Renee Zellweger, Hollywood and Why We Get Bent Out of Shape Over Image…
I really like what Amanda Marcotte had to say about the brouhaha regarding Renee Zellweger looking rather unsurprisingly unlike the person she was 10 years ago the other day. She makes a great point about how our culture seems to want a reality that is not only distinctly unreal, but utterly unachievable. One in which looking like you’re perpetually 25 or 30 years old takes no effort at all.
Of course that’s a ridiculous notion. Patton Oswalt has a story he tells on one of his comedy records about going to the premier of Batman Begins in London several years ago. At this point in his career he was still trying to find his place in Hollywood and was concerned that his appearance was hurting his prospects as an actor. At the party after the film was shown there was a huge spread of fantastic food (as there always is a big events filled with rich and influential people) and no one was eating any of it. As Patton relates, of course they weren’t eating, because this is, in fact, how Hollywood actors stay “thin and cut” – by starving themselves constantly.
I read an interview with Robert Downey, Jr. a few years ago where the interviewer had met him for the interview at his house and spent a couple of days talking to him. In the course of those couple of days Downey really didn’t eat any food. The interviewer asked him about it and he shrugged it off by saying he was doing a “cleanse.”
Disordered eating is utterly and completely normal for film and TV stars. You might even say it’s part of the job. Likewise, women over 40 getting plastic surgery so they don’t look like they are over 40 is, as Ms. Marcotte states in her article, basically part of the job. Where this gets us into trouble is that we don’t acknowledge or recognize these facts about celebrities, actors and other people who make their living off of their looks without a whole lot of tying ourselves into knots.
As Ms. Marcotte suggests, had Renee Zellwegger showed up to her event this week looking 10 years younger than she really is but as if no effort had been expended to get that result no one would have commented on it at all. That’s a problem.
It’s a problem of the same variety as when someone starts a fitness program and expects to transform their physique the way that Chris Evans or Chris Hemsworth did for their superhero roles as Captain America and Thor respectively in a matter of a few months. It’s a problem because absent the massive effort and support structure those actors had no one is going to be able to replicate that kind of transformation. It’s the same variety of problem if an average person thinks they can drop 30 pounds in a month the way that many actresses do after giving birth. Again, the headline on the cover of People that says, “Kim lost 30 pounds and got her pre-baby body back in 6 weeks, we’ll show you her plan!” inevitably leaves out the part where she worked at it full time, hired a nutritional consultant to plan her meals which were prepared by a private chef and basically had nothing else to do except work on losing that weight.

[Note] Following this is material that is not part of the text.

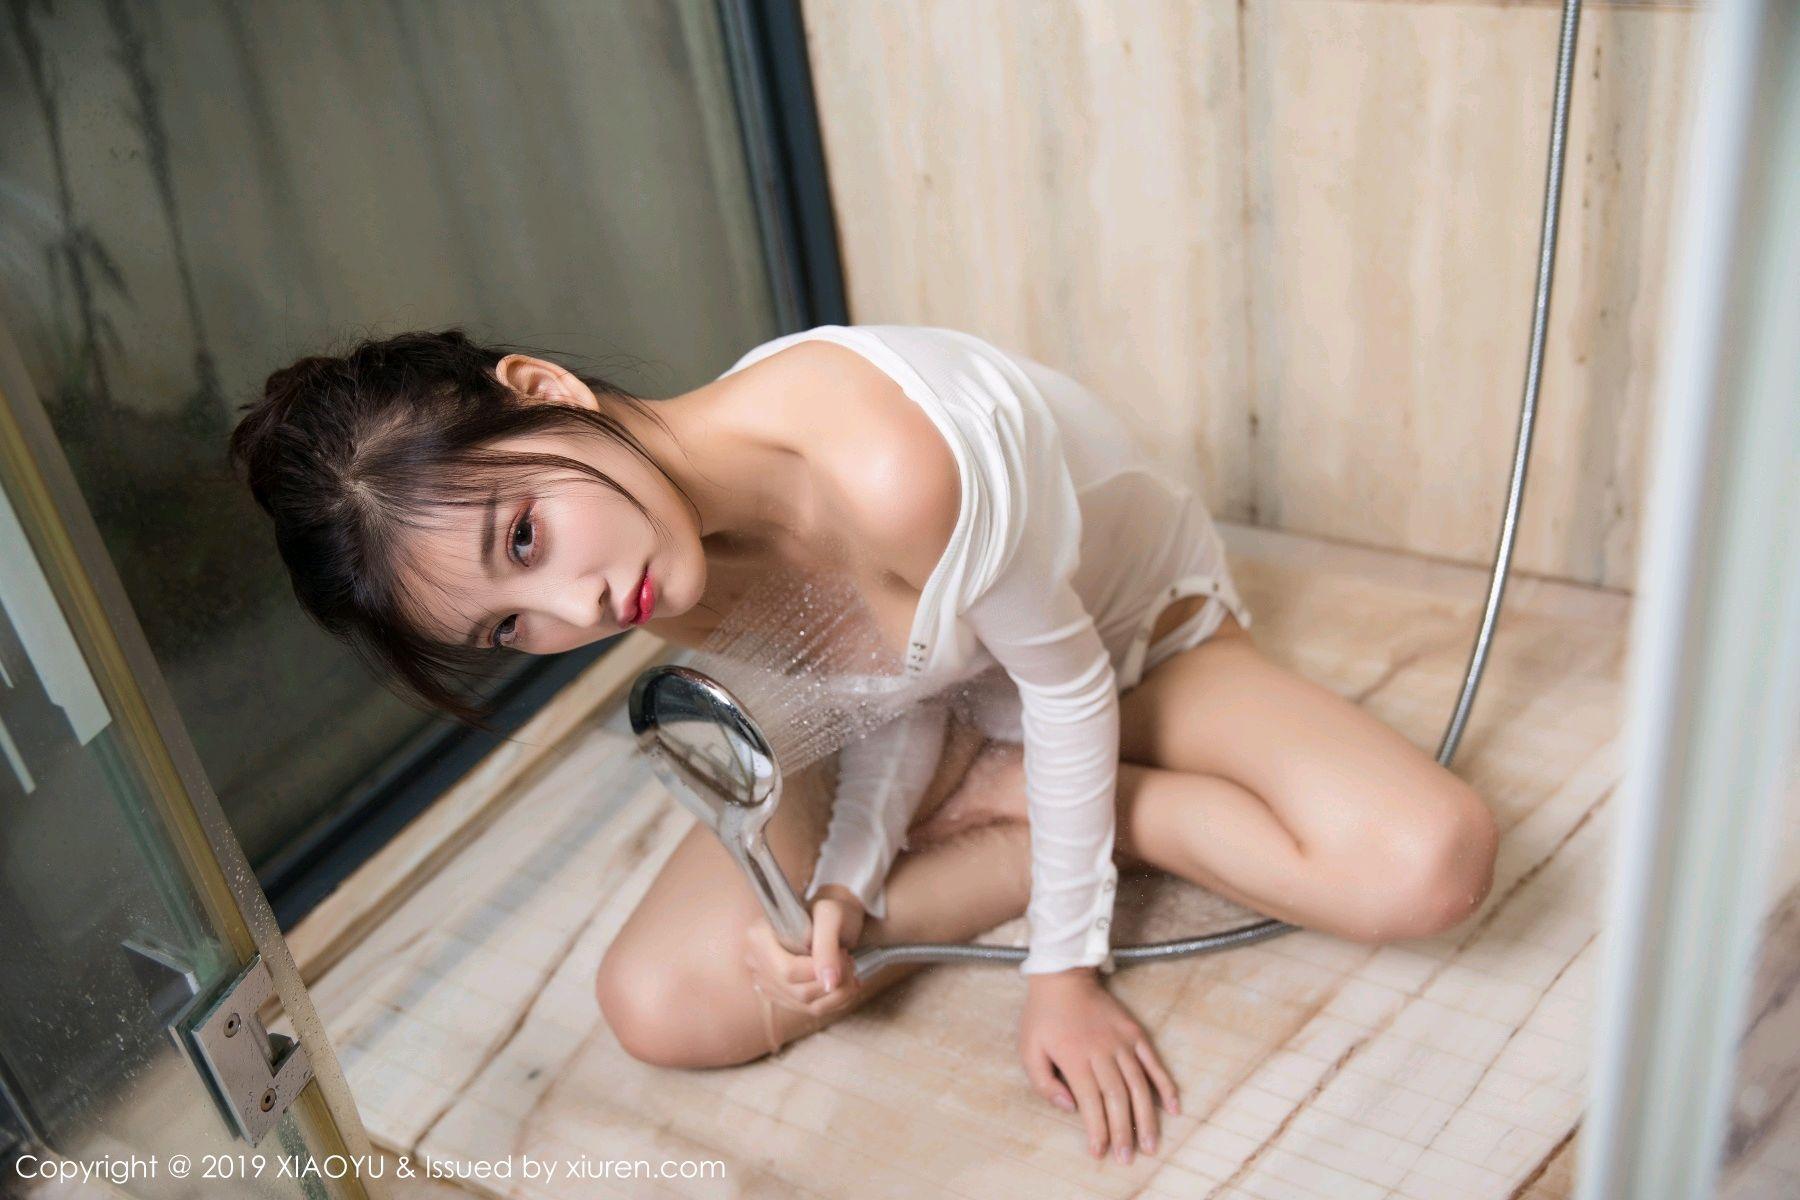 [XiaoYu] Vol.025 Yang Chen Chen 38P, Bathroom, Wet, XiaoYu, Yang Chen Chen

It took me over six years of constant work, tweaking, trial and error to lose 50 pounds and get to a point where that change was a permanent one. I am a bit of a pitbull about things. I don’t quit. But I have known so many people, bombarded by images of “effortless” transformations who throw their hands in the air after six months and do quit. They blame themselves. “I don’t have enough willpower.” “I don’t have the right genes.” “I don’t like exercise.”
So, there’s a lot going on here. It’s easy to say “don’t compare yourself to movie stars” but that’s silly and rather pointless. Part of the reason we are fascinated and compelled by them is because they do embody an aspiration or ideal. I think it’s more important to understand that being that ideal takes a metric butt-ton of constant work, and that some of these ideals we have set up deserve some examination and thought. Aspiring to be forever youthful looking is probably not a good thing. On some level it asks women in the industry (and to a lesser degree men) to subject themselves to mutilation. Likewise, idealizing a body composition that is only achievable and sustainable via starvation, disordered eating and obsessive exercise isn’t entirely sane.